[Items from a data source]

◆ ◆ ◆

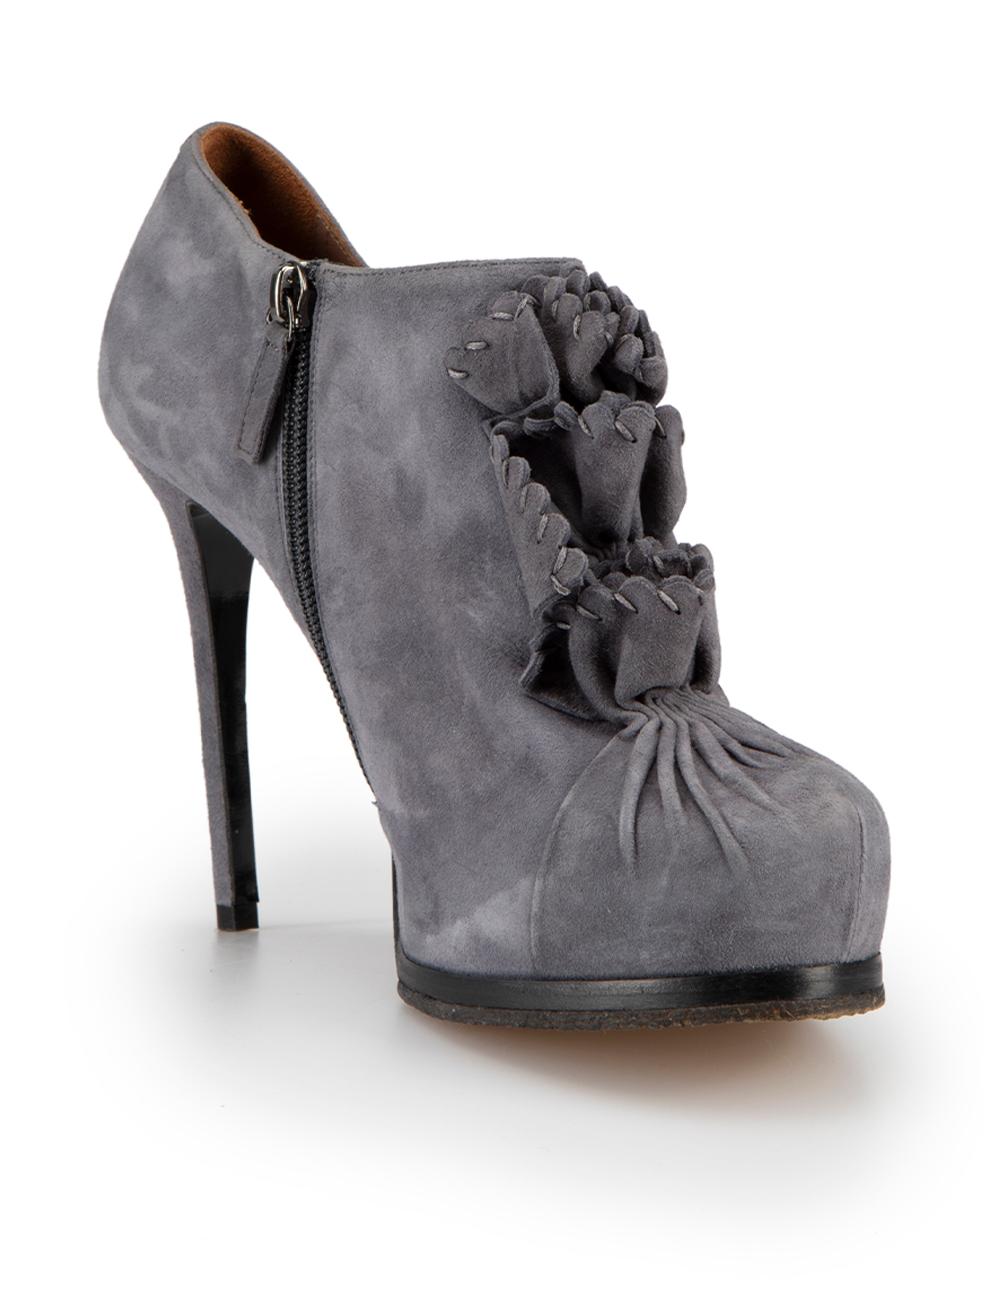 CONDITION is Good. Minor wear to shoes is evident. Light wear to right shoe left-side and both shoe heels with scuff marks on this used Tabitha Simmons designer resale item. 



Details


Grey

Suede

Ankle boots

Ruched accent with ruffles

◆ ◆ ◆

WHAT THIS TASK INVOLVES >> Every line above should be printed again word for word, without its pictures.

ANSWER AREA >>
 CONDITION is Good. Minor wear to shoes is evident. Light wear to right shoe left-side and both shoe heels with scuff marks on this used Tabitha Simmons designer resale item. 



Details


Grey

Suede

Ankle boots

Ruched accent with ruffles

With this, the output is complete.